Benjamin Kubelsky of Waukegan, Illinois. Oh, you never heard of Benjamin Kubelsky of Waukegan, Illinois? Perhaps his stage name will be more familiar.  Jack Benny.

Jack Benny was a comedy icon of the 20th century. He started in vaudeville, playing the violin and telling jokes. He graduated to radio, film, and television with a persona honed like a Stradivarius.

On his eponymous radio show, Jack Benny played himself, a comedian with a radio show. When Benny moved to television, the paradigm remained, as did Benny’s hallmarks for his fictional alter ego.

He constantly claimed an age of 39.

He lived in Beverly Hills with a polar bear named Carmichael in the basement.

He drove a 1920s Maxwell that was, indeed, a loud lemon of a car.

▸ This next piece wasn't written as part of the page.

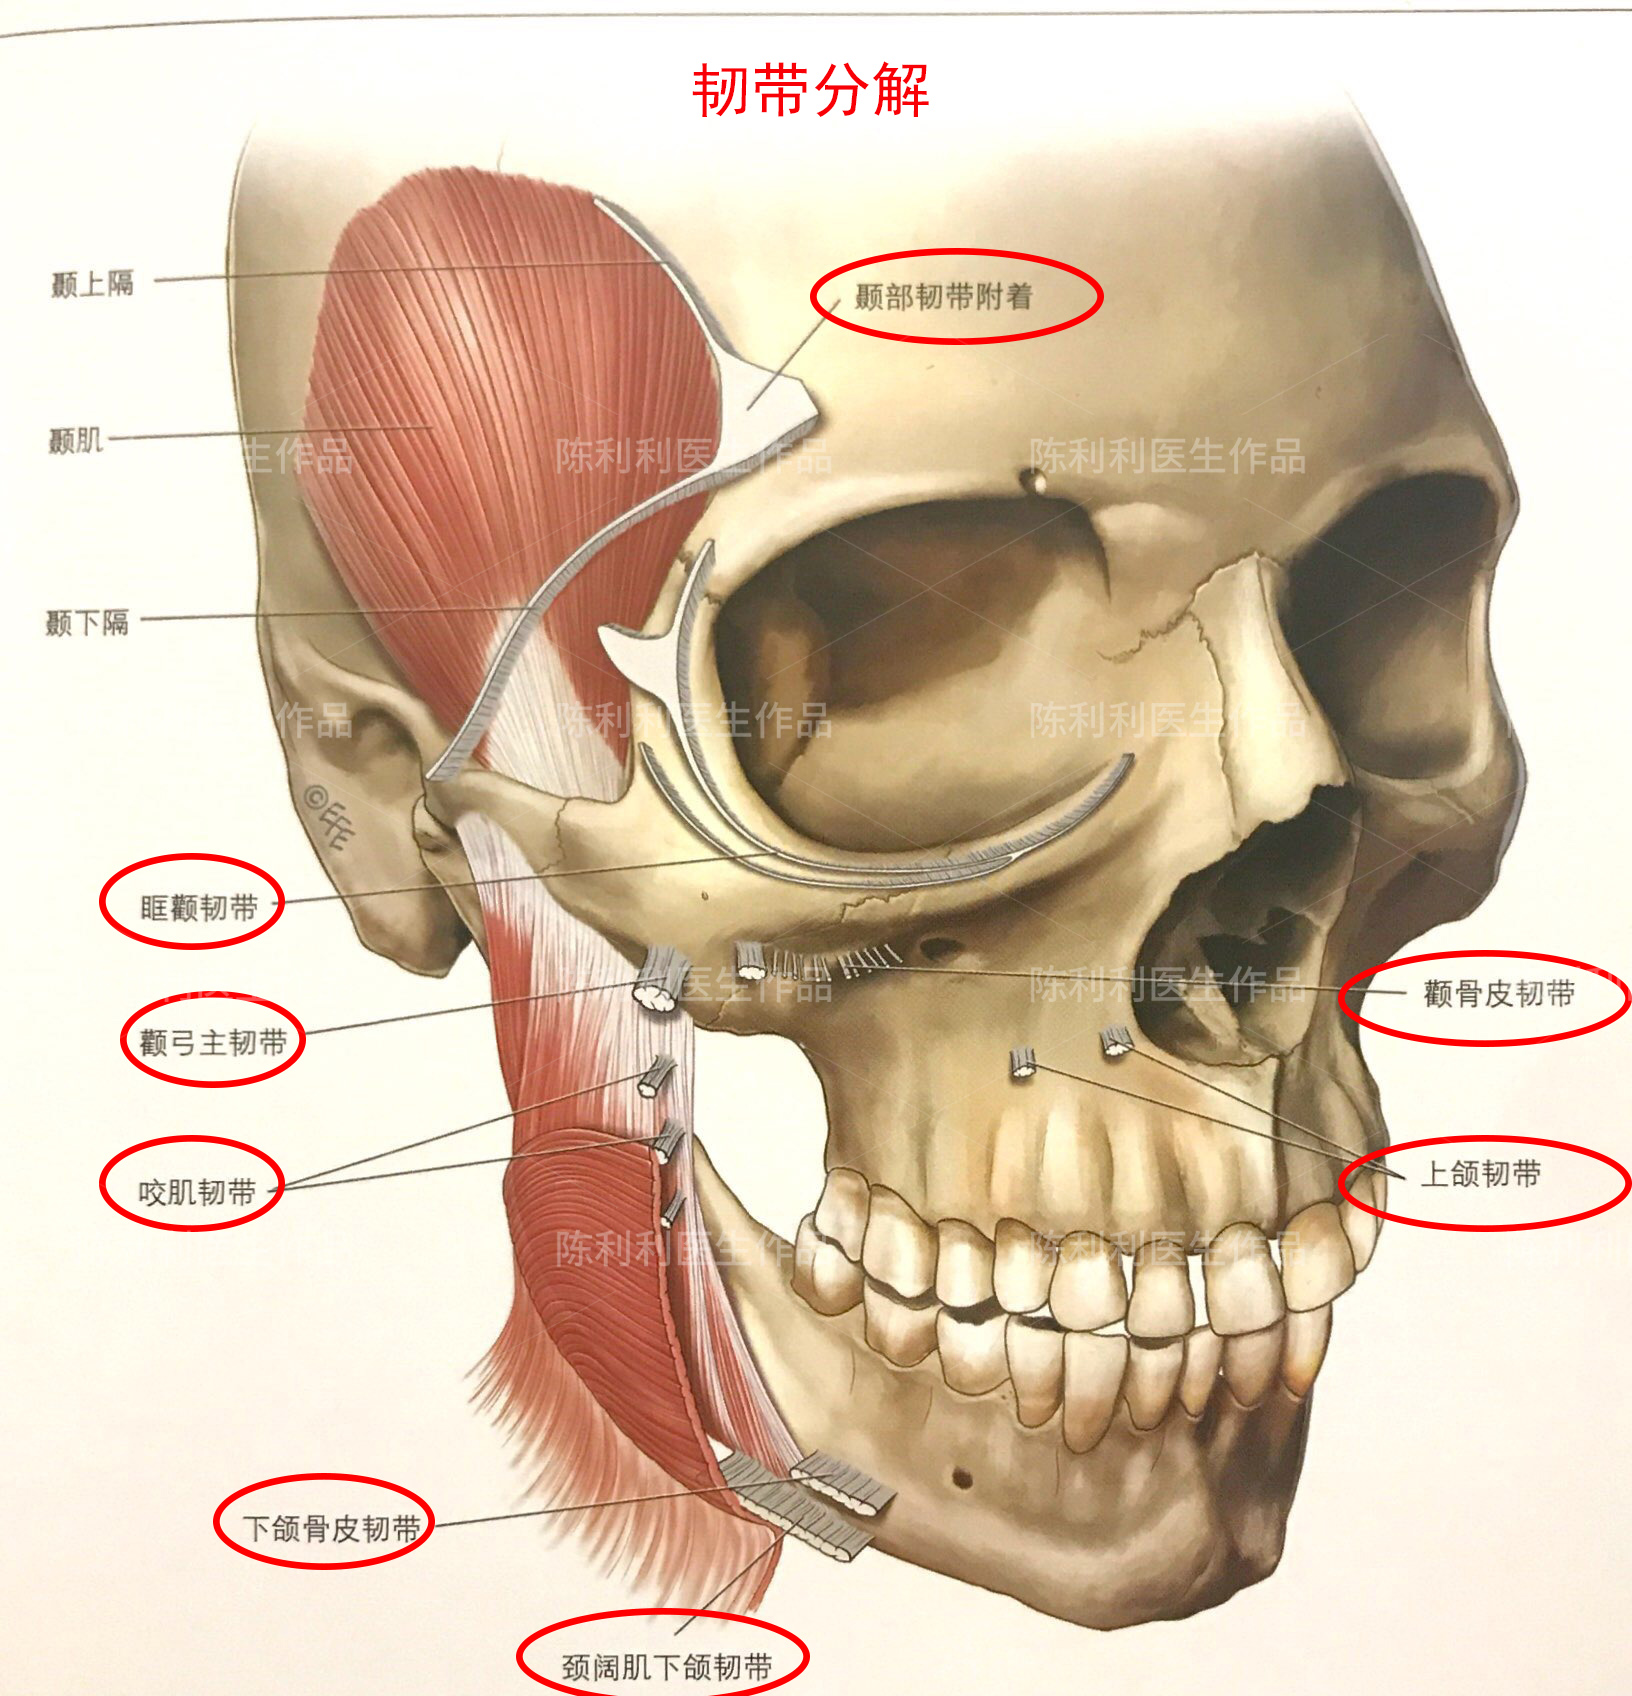 皮肤,皮下组织,面部表浅肌筋膜系统,支持韧带和间隙,骨膜和深筋膜

And he was cheap, the kind of cheap that inspired him to ask his valet, Rochester, to go to the train tracks with a nearly empty toothpaste tube, place the tube on the tracks, and retrieve the remaining toothpaste that a locomotive forced from the bottom of the tube.

I often think about Jack Benny, not only because I’m a nostalgia buff, but also because he serves as a symbol for writers – Be cheap with words.

The key to good communication, after all, is brevity.